6. Prepare train data and test data which contains embeddings as data for each face and label as person
   name.

   ```
   		# Prepare Train Data
		x_train=[]
		y_train=[]
		person_rep=dict()
		person_folders=os.listdir(path+'/Images_crop/')
		for i,person in enumerate(person_folders):
  			person_rep[i]=person
  			image_names=os.listdir('Images_crop/'+person+'/')
  				for image_name in image_names:
    				img=load_img(path+'/Images_crop/'+person+'/'+image_name,target_size=(224,224))
    				img=img_to_array(img)
    				img=np.expand_dims(img,axis=0)
    				img=preprocess_input(img)
    				img_encode=vgg_face(img)
    				x_train.append(np.squeeze(K.eval(img_encode)).tolist())
    				y_train.append(i)

   		# Prepare Test Data
		x_test=[]
		y_test=[]
		person_folders=os.listdir(path+'/Test_Images_crop/')
  		for image_name in test_image_names:
  			img=load_img(path+'/Test_Images_crop/'+person+'/'+image_name,target_size=(224,224))
    		img=img_to_array(img)
    		img=np.expand_dims(img,axis=0)
    		img=preprocess_input(img)
    		img_encode=vgg_face(img)
    		x_test.append(np.squeeze(K.eval(img_encode)).tolist())
    		y_test.append(i)

   ```

   Earlier we stored each cropped face image in corresponding person folder, walk through each folder and in each folder for each image, load image from keras in-built function load_img() which is PIL image with target_size=(224,224) since VGG_face_net expects image shape in (224,224) format. 
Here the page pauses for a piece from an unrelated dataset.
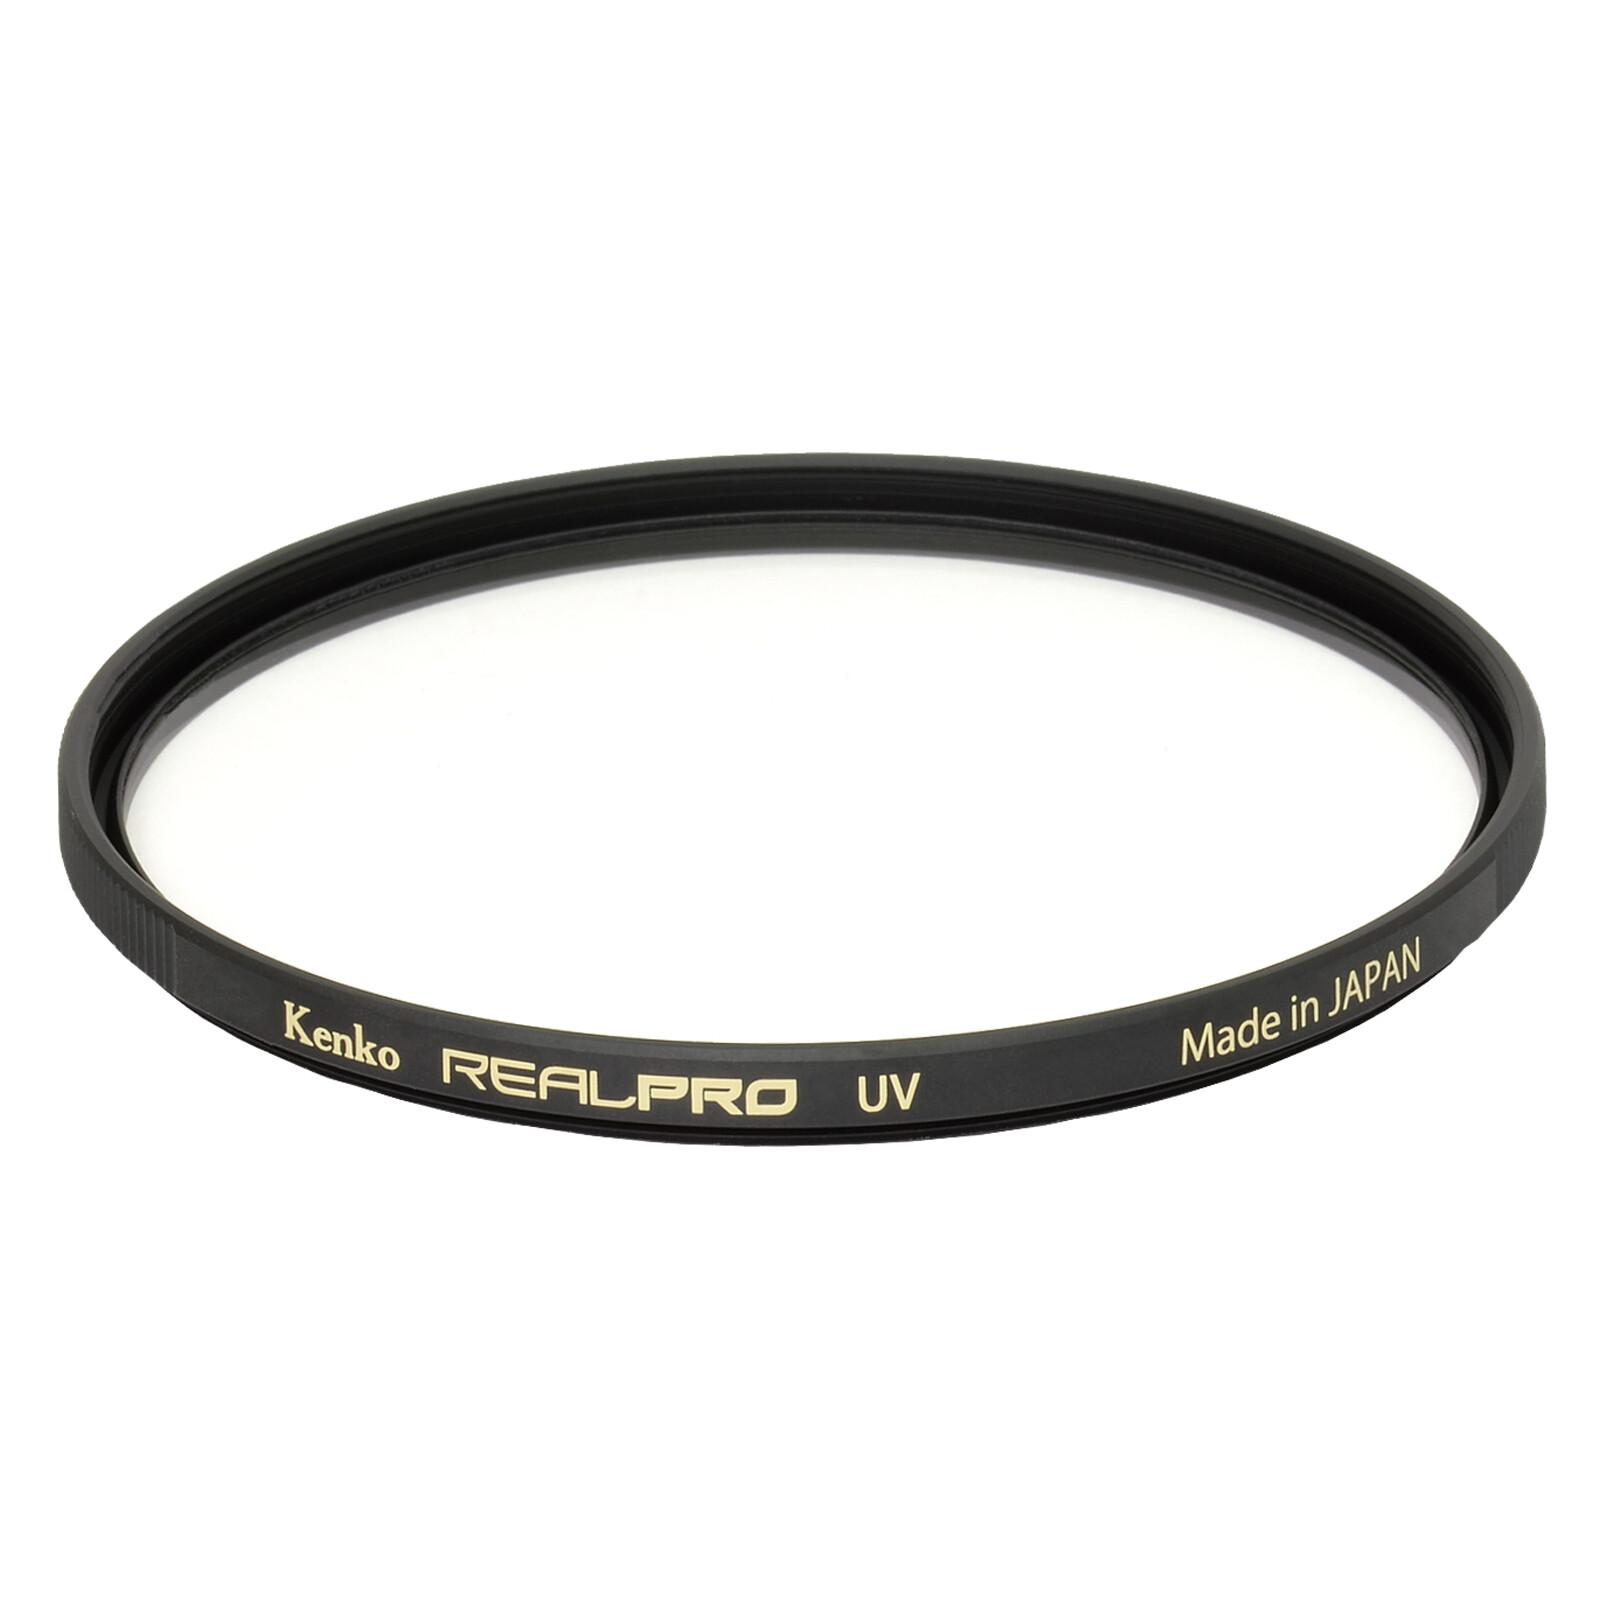 Kenko Real Pro UV 52mm Slim

   For each loaded image it is preprocessed into scale of [-1,1] and feed into vgg_face() model which outputs (1,2262) dimensional Tensor, it is converted into list and append to train and test data.

   Also,for each person we label that person in numeric number like 
   Ex:
   		{
   			0: 'modi',
 			1: 'trump',
 			2: 'angelamerkel',
 			3: 'jinping',
			....
 			....
 		}

   We got (x_train, y_train) and (x_test, y_test) as lists ,to use in keras models we first convert them to numpy arrays.

   Ex:
   		```
   			x_train=np.array(x_train)
			y_train=np.array(y_train)
			x_test=np.array(x_test)
			y_test=np.array(y_test)
   		```

7. We end up with train data and test data with face embeddings and labels as person encodings.
   Now we train simple softmax classifier and save model to get predictions for unseen image face in dataset.

   ```
   		# Softmax regressor to classify images based on encoding 
		classifier_model=Sequential()
		
		classifier_model.add(Dense(units=100,input_dim=x_train.shape[1],kernel_initializer='glorot_uniform'))
		
		classifier_model.add(BatchNormalization())
		
		classifier_model.add(Activation('tanh'))

		classifier_model.add(Dropout(0.3))

		classifier_model.add(Dense(units=10,kernel_initializer='glorot_uniform'))

		classifier_model.add(BatchNormalization())

		classifier_model.add(Activation('tanh'))

		classifier_model.add(Dropout(0.2))

		classifier_model.add(Dense(units=6,kernel_initializer='he_uniform'))

		classifier_model.add(Activation('softmax'))

		classifier_model.compile(
		loss=tf.keras.losses.SparseCategoricalCrossentropy(),optimizer='nadam',metrics=['accuracy'])
   ```

   We trained softmax classifier to classify image, it takes face embeddings as input and outputs corresponding image number which is encode for person name.

8. Now we can recognize any face in image if we get embeddings for face with help of vgg_face model and 
   feed into to classifier then get person name. With opencv draw rectangle box around face and write person name for each face in image.